Multi-Center Colonoscopy Quality Measurement Utilizing Natural Language Processing

Background:An accurate system for tracking of colonoscopy quality and surveillance intervals could improve the effectiveness and cost-effectiveness of colorectal cancer (CRC) screening and surveillance. The purpose of this study was to create and test such a system across multiple institutions utilizing natural language processing (NLP).Methods:From 42,569 colonoscopies with pathology records from 13 centers, we randomly sampled 750 paired reports. We trained (n=250) and tested (n=500) an NLP-based program with 19 measurements that encompass colonoscopy quality measures and surveillance interval determination, using blinded, paired, annotated expert manual review as the reference standard. The remaining 41,819 nonannotated documents were processed through the NLP system without manual review to assess performance consistency. The primary outcome was system accuracy across the 19 measures.Results:A total of 176 (23.5%) documents with 252 (1.8%) discrepant content points resulted from paired annotation. Error rate within the 500 test documents was 31.2% for NLP and 25.4% for the paired annotators (P=0.001). At the content point level within the test set, the error rate was 3.5% for NLP and 1.9% for the paired annotators (P=0.04). When eight vaguely worded documents were removed, 125 of 492 (25.4%) were incorrect by NLP and 104 of 492 (21.1%) by the initial annotator (P=0.07).

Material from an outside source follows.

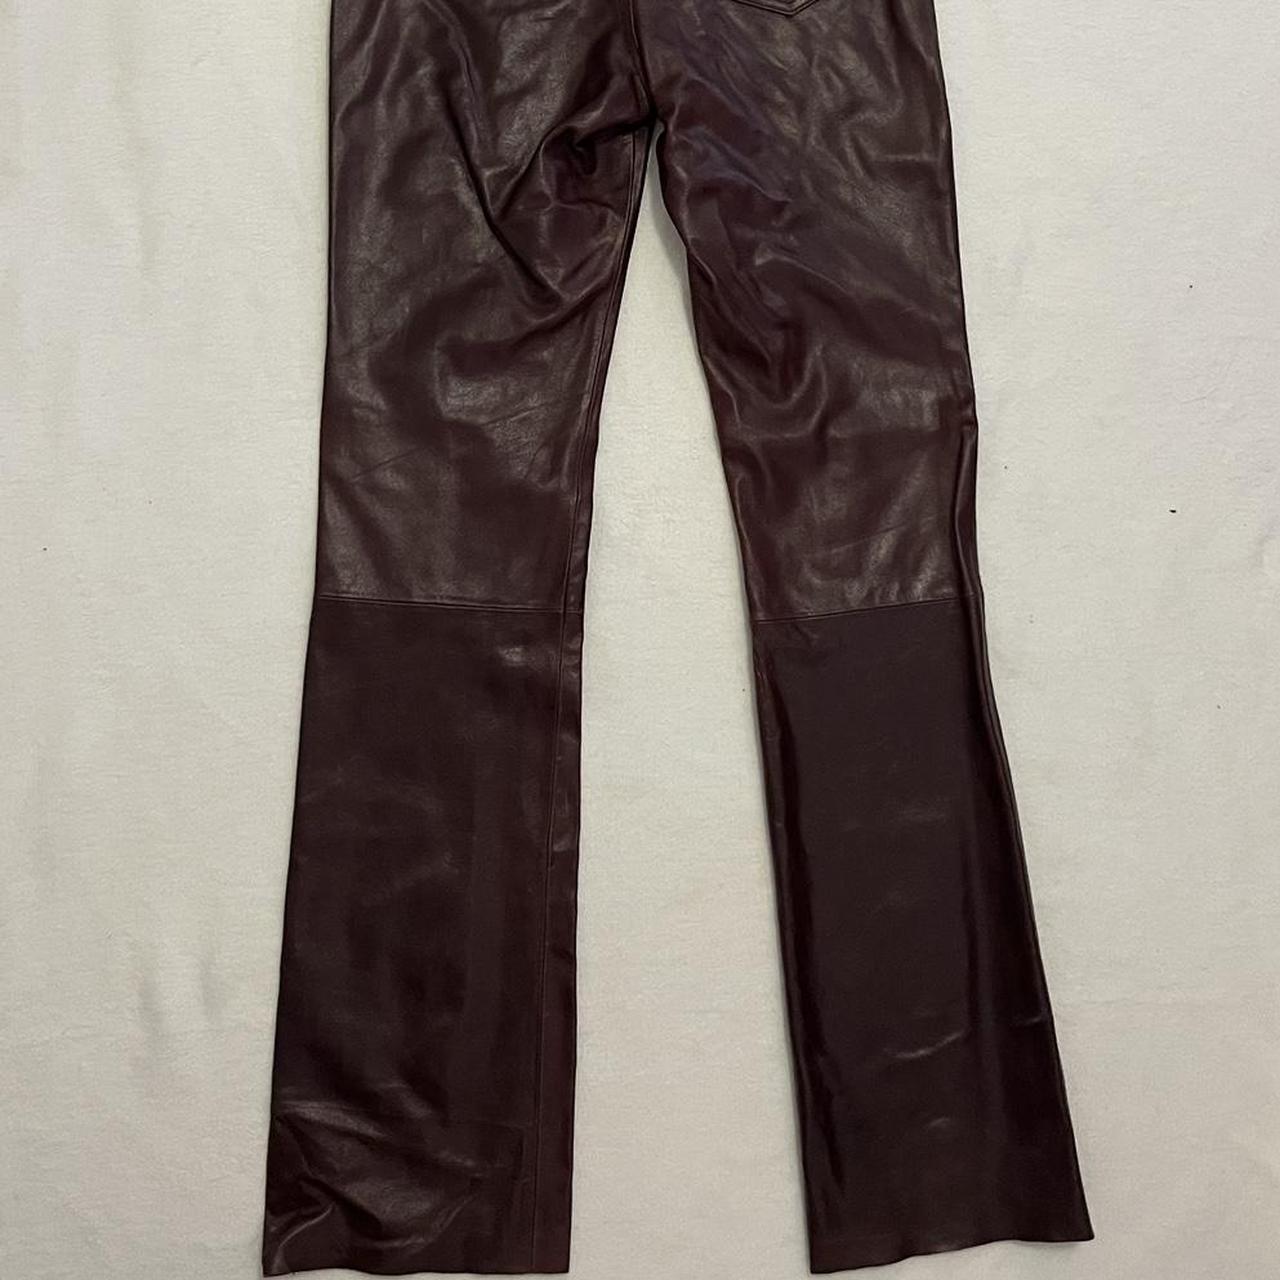 Wilson’s Leather Women's Brown and Burgundy Trousers (3)
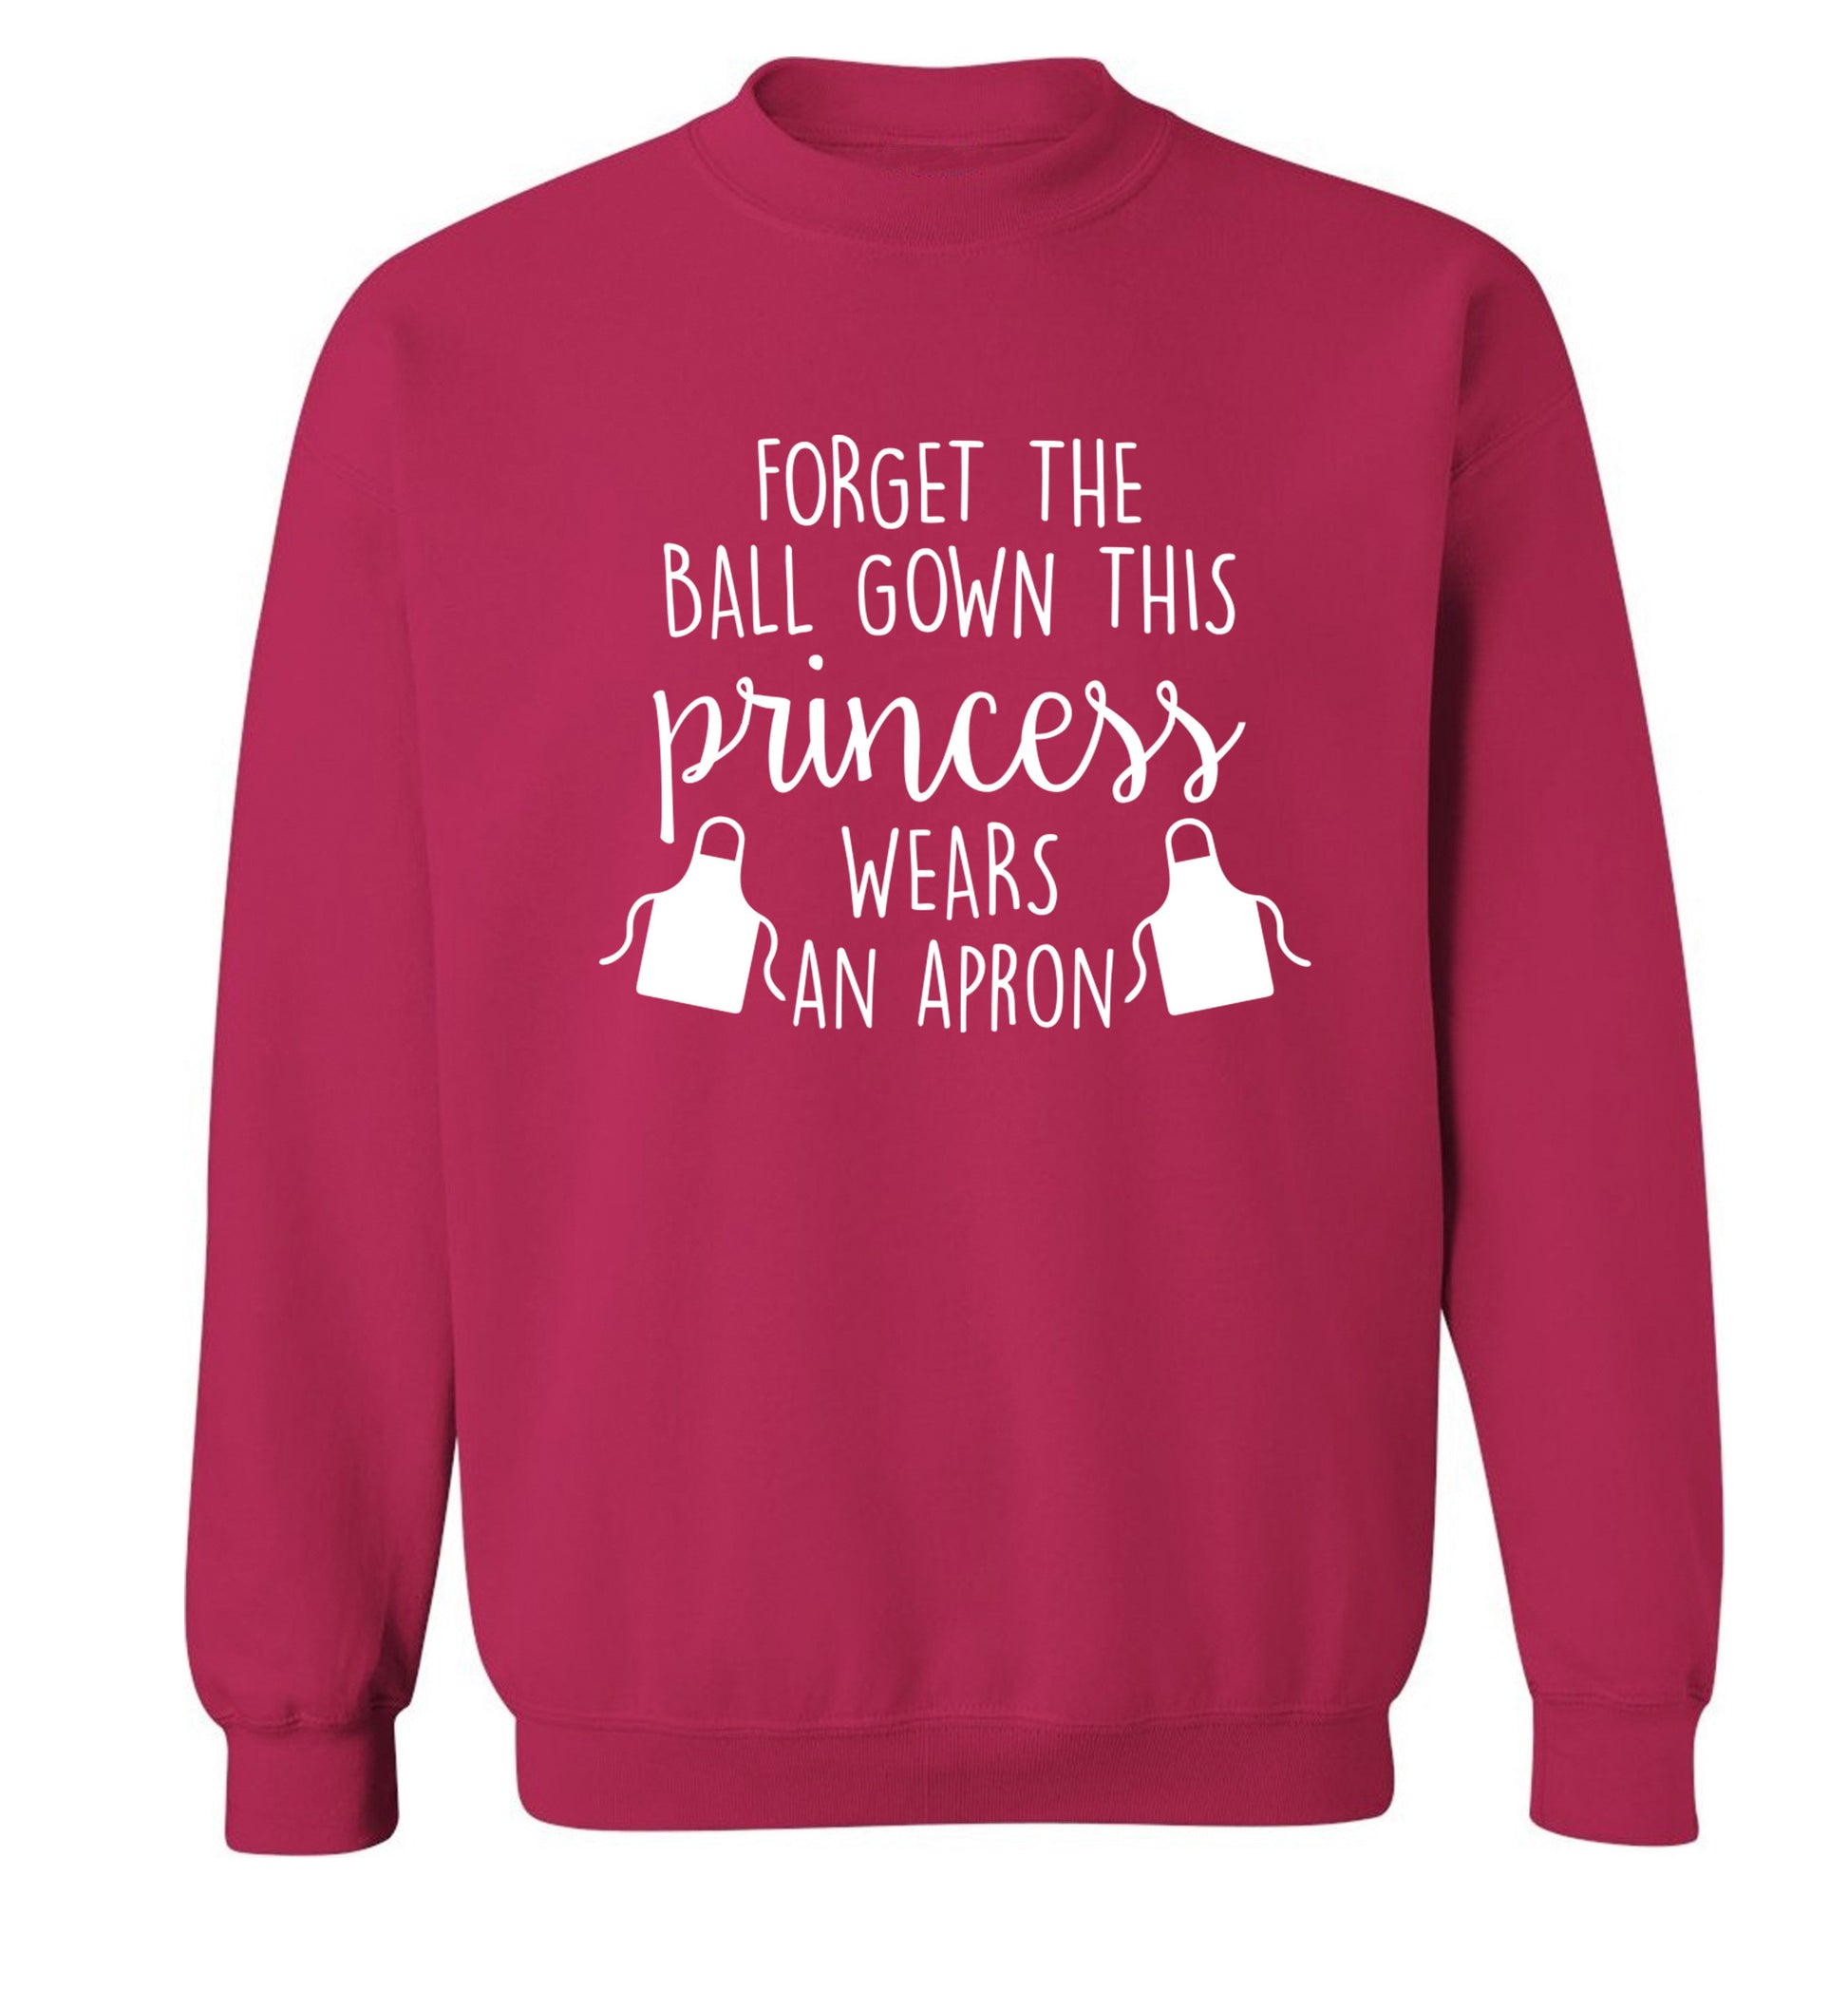 Forget the ball gown this princess wears an apron Adult's unisex pink Sweater 2XL

Rates of pathologic findings calculated from NLP were similar to those calculated by annotation for the majority of measurements. Test set accuracy was 99.6% for CRC, 95% for advanced adenoma, 94.6% for nonadvanced adenoma, 99.8% for advanced sessile serrated polyps, 99.2% for nonadvanced sessile serrated polyps, 96.8% for large hyperplastic polyps, and 96.0% for small hyperplastic polyps. Lesion location showed high accuracy (87.0–99.8%). Accuracy for number of adenomas was 92%.Conclusions:NLP can accurately report adenoma detection rate and the components for determining guideline-adherent colonoscopy surveillance intervals across multiple sites that utilize different methods for reporting colonoscopy findings.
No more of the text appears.